How the light moves

Many years ago, when I was a budding 3D artist, I had the privilege of working with a prestigious architectural firm. They had designed Heathrow’s Terminal 5, and would go on to work on projects like the Etihad Arena, St Pancras International, and the UAE Pavilion at Expo 2020.

The firm had produced drawings for a university natural sciences campus, and were at the point where they needed sign-off from the client. This is where the 3D artist comes in: translating arcane technical drawings into a simple virtual walkthrough.

Keen to impress, I worked late most nights as the deadline approached, covering every angle I could. The layout of chairs and tables in the cafeteria, the desk configuration, the finishes on the range of surfaces. It was a thing of some impressive complexity, with as much realism as I was capable of producing.

A week or so out from the presentation, I had the chance to show the rendered video to my contact at the firm. I was excited. This was probably the 1000th such visualisation he’d seen.

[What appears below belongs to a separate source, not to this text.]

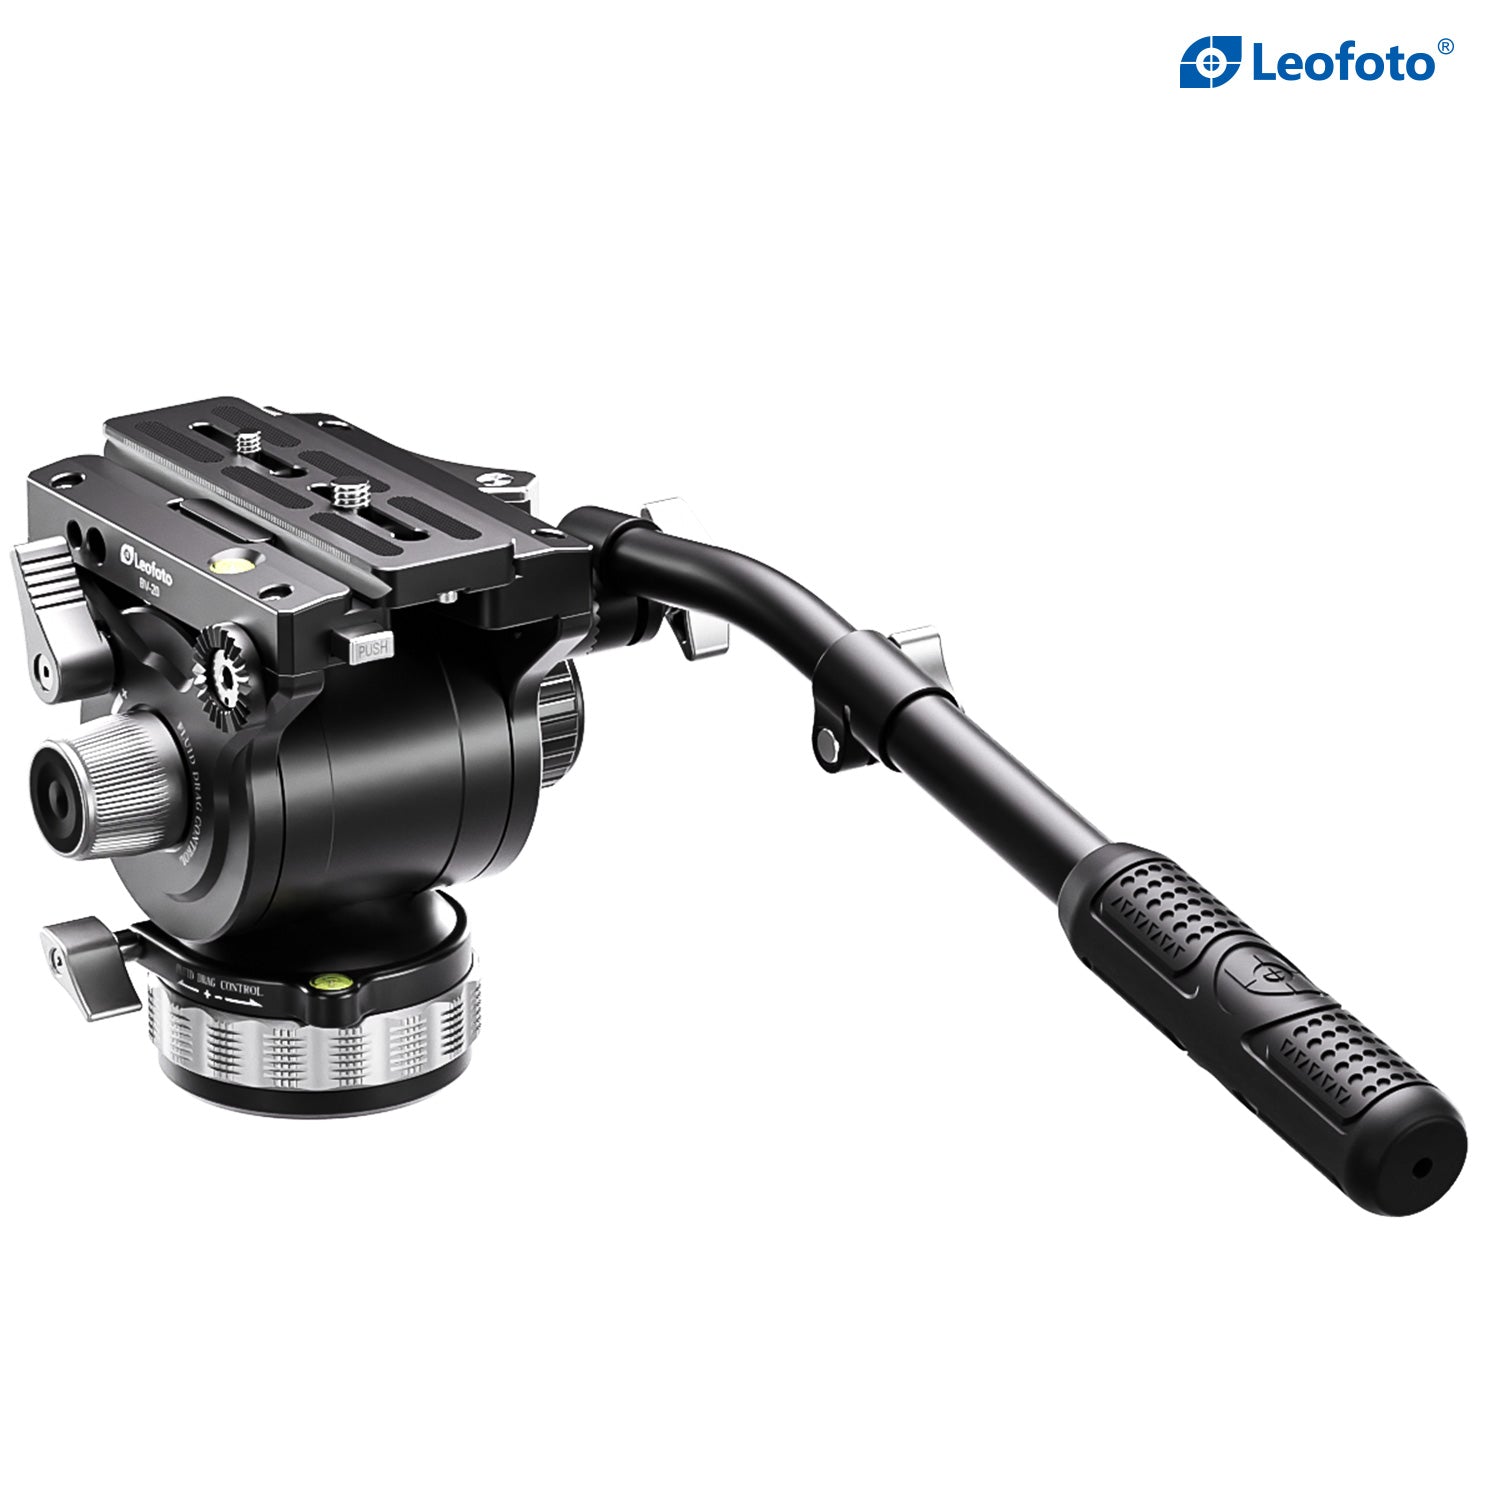 Leofoto LVC-253C+BV-20 (Lever-Release Clamp) Dual-Tube Video Tripod with Fluid Head Set  | 75mm Integrated Bowl with Leveling Base and Handle

The video ended. He offered a well assembled compliment-sandwich:

  • “I like what you’ve done. You’ve reproduced the drawings well, and the animation does a good job of exploring the campus. Thumbs up.”
  • “All of the detail; the wood finishes, the chrome, the paint, the furniture colours, the ornamentation; has to go.”
  • “The only thing that matters is how the light moves. How it enters through the windows and bounces around the space. I can see some of that. Well done.”

It was difficult to hide my disappointment. Days of work would have to be stripped back to bare bones. Why?

Wasn’t the point of this exercise that the client get the most accurate idea of what the finished space would look like?

No, he explained, it wasn’t. The architect designs the building. Nothing more, nothing less. Unnecessary detail was a distraction from the art: making use of space and light.

There was intentional divergence between expectations and execution. The client wanted to see realism. They weren’t going to get it.

A week later I delivered the final animation to him, which had been transformed.

Absent all unnecessary visual clutter, the intention was much clearer. The purpose behind the placement of windows, skylights, glass panels, and the walls themselves, all made sense. Like a solved puzzle, mapped with beams of light. Instead of accuracy, they were offered precision.

It sailed through approval. No comments, no concerns, no changes.

It was a powerful lesson in translating concepts between mediums, formats or people, and it has stuck with me ever since.

  • Be precise about the value. Understand that your audience may not always recognise it as clearly as you do.
  • Focus. Be ruthless in eliminating anything outside of that purpose.

This applies pretty much everywhere. From how you present products to how you build them. Pitch decks, devleopment roadmaps, investor updates…

When challenged, our natural response is often to go broader. To expand until we find what hits the mark. More examples in an argument, more products in a portfolio, more detail in a proposition. This approach rarely addresses the reason for the challenge.

You will always feel the urge to make something a bit prettier, add more detail, or extend your offering. It rarely helps.